British Relations-Jay's Treaty-Attack on the Chesapeake— Right of Search and Impressment-Orders in Council, &c.

GREAT BRITAIN.

SOON after the termination of the American revolutionary war, the United States and Great Britain charged each other with having violated the treaty of peace. The charge was reciprocally denied, under the shadow of sophistical distinctions; but reciprocally proved, by facts, that could not be controverted. Each palliated the non-performance of their engagements, by alleging, that, on their part, it was subsequent to, and the consequence of, the failure of the opposite party. From the uncommon circumstances of th unnatural war, between members originally of the same political family, the exact fulfilment of the treaty was impracticable. The seventh article stipulated," against the destruction, or carrying away of negroes, or other property of the Americans." The greatest vigilance, and the purest intentions, could not have secured the liberal fulfilment of this article; for many articles of property were destroyed, or carried off, without the possibility of prevention. Good faith to the blacks involved the necessity of bad faith to the whites: for many of the former, being in actual possession of freedom, by virtue of proclamations, promising that boon as a reward for repairing to the royal standard, could not, on any principle of English law, be redelivered, as slaves, to their American masters.
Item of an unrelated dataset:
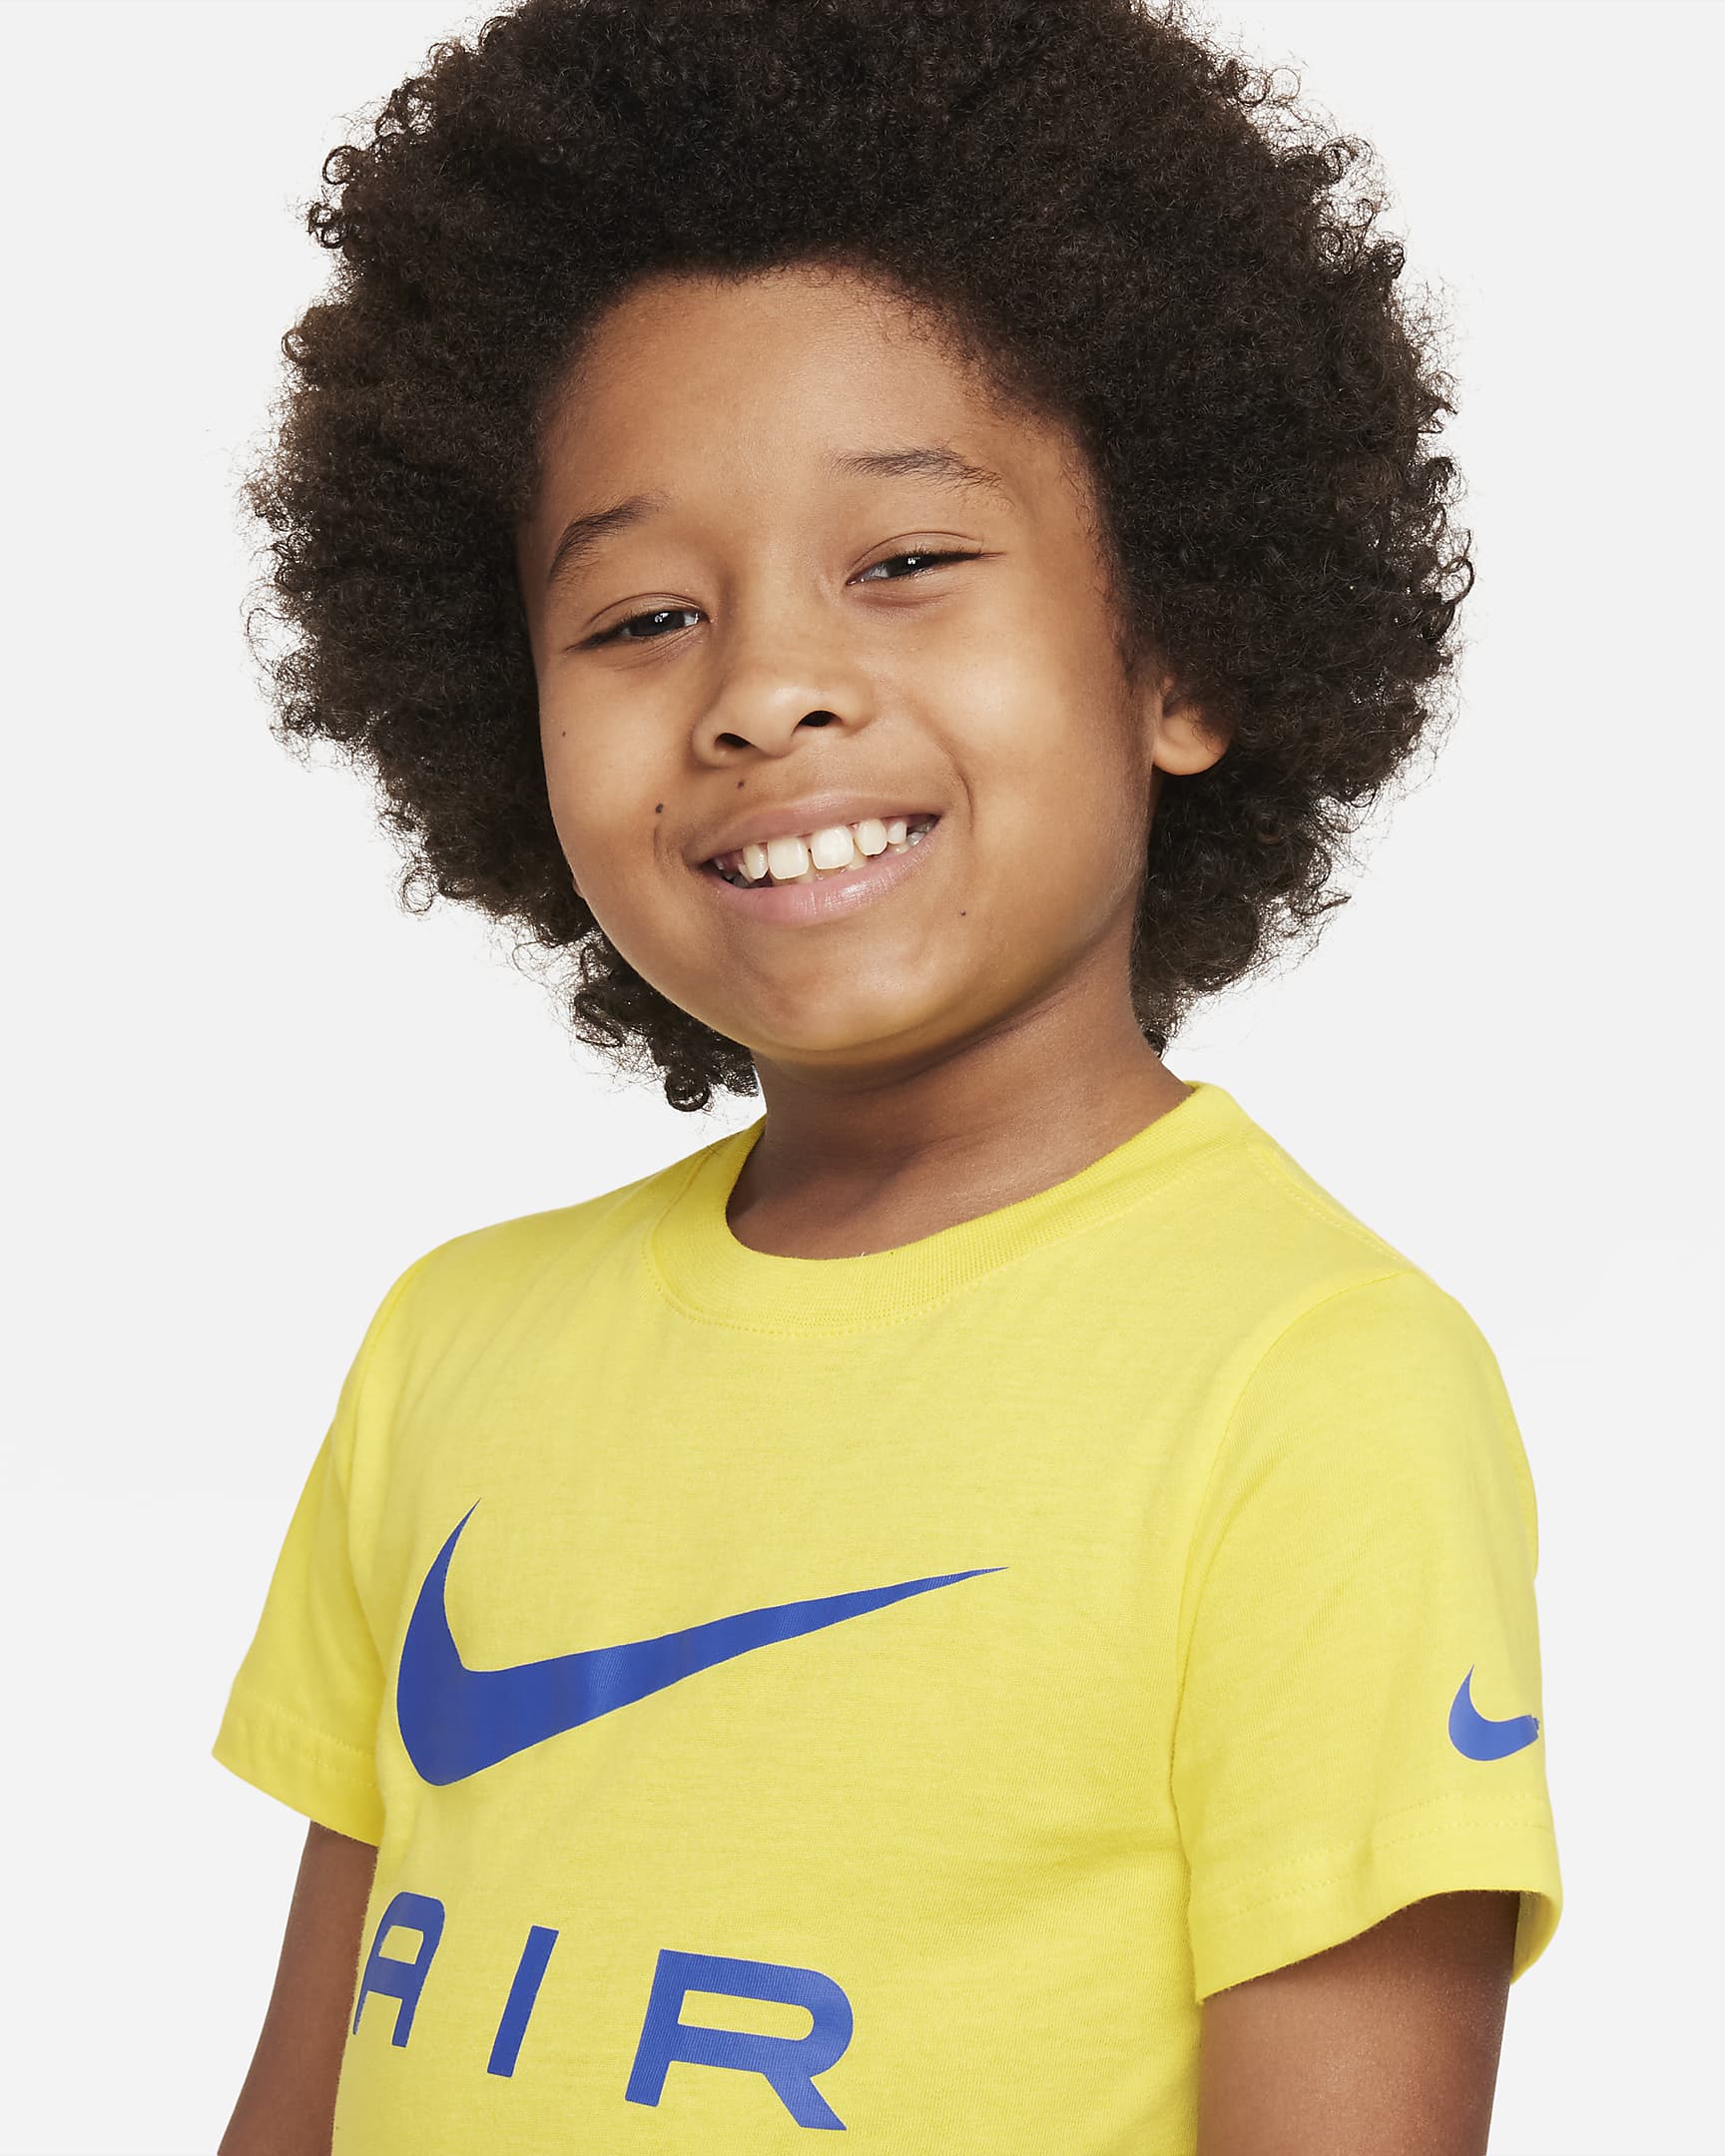 T-shirt Nike Air Nike – Bambini. Nike IT

To discriminate between those, who were in this situation, and others differently circumstanced, was in many cases impossible. The bias of Englishmen in favour of personal liberty, the interest and convenience of officers, and others, who were benefited by

the labour of negroes, induced a very liberal construction of the treaty, with regard to the slaves; but a very unjust one, with regard to their owners. One failure involved another. Debts contracted by Americans, for property destroyed or carried away, or for negroes taken off, could not be discharged in some instances, because the destruction of property, and carrying away of negroes, deprived the debtors of the means of payment. Even where the price of the negroes carried off had been paid, the circumstance of their being carried off made the payment of other debts impossible; for, in the southern states, which were most indebted to Britain, land, without negroes, instead of aiding to pay an old debt, generally involved the possessor, in an accumulation of new ones. The evil did not terminate here. The nonpayment of debts, from American to British subjects, was assign, ed by Great Britain, as a reason for retaining the posts on the south side of the lakes, which form the northern boundary of the United States. This diminished the capacity of the Americans to pay their British creditors, as it encouraged the Indians, in the neighbourhood, to make war on the United States, and deprived the latter of an opportunity to sell their north-western lands. During twelve years after the peace, these lands remained unsaleable, and generally unproductive; and, for a great part of the same period, Indian wars, proceeding from the neighbourhood of the British posts, and said to be encouraged by them, cost the United States several millions of dollars, besides diminishing the productive industry of the country. Before the revolution, British subjects, on the east side of the Atlantic, found an interest in giving credit, and making advances, to British subjects, on its west side. The war found the latter deeply indebted to the former. While it raged, remittances were forbidden, or impracticable. On the return of peace, the principal of the debt was undiminished, and a serious discussion arose, whether, and how far, it had been increased, by interest during the war. The long delays of payment had nearly ruined the British merchants, trading to America, and made them clamorous for immediate remittances. In the state of the country, this was

impracticable, even by solvent, honest creditors. The inhabitants were greatly impoverished, by an eight years' war. Their property had been repeatedly taken from them, for the support of both friends and foes. Much of their labour had been abstracted from agriculture, by calls on them for militia duty. Their commerce had been so nearly annihilated, by the superior naval power of their enemy, that imported arti→ cles, though universally wanted, were both scarce and dear, while their native commodities were in little demand, and of low price. Peace found the Americans destitute, not only of the elegancies, but, in many cases, even of the conveniences of life; and without the means of procuring them, otherwise than on credit, founded on the anticipation of their future industry. After an eight years' interruption of trade, an immen. sity of foreign merchandise was suddenly imported and sold on credit, too generally asked, and too often given. The manifold wants of the citizens, and their sanguine prospects of the future, tempted many to purchase, beyond their ability to pay. They were led to this indiscretion, by an expectation, that the evidences of the public debts, which they possessed, would soon constitute an efficient fund for their relief; and that the temptation, which equal liberty and vacant lands held out to Europeans, would speedily fill their country with inhabitants, and cause an extraordinary and rapid rise in the value of their lands. Delusive hopes, created by these, and similar unfounded anticipations of good, supposed to be within their grasp, added to the want of credit, and confidence between man and man, and an inefficient government, produced a scene of unparalleled pecuniary distress, among the citizens of the United States, who had fondly hoped that peace and independence, superadded to the natural advantages of their country, would speedily raise them to the pinnacle of earthly happiness.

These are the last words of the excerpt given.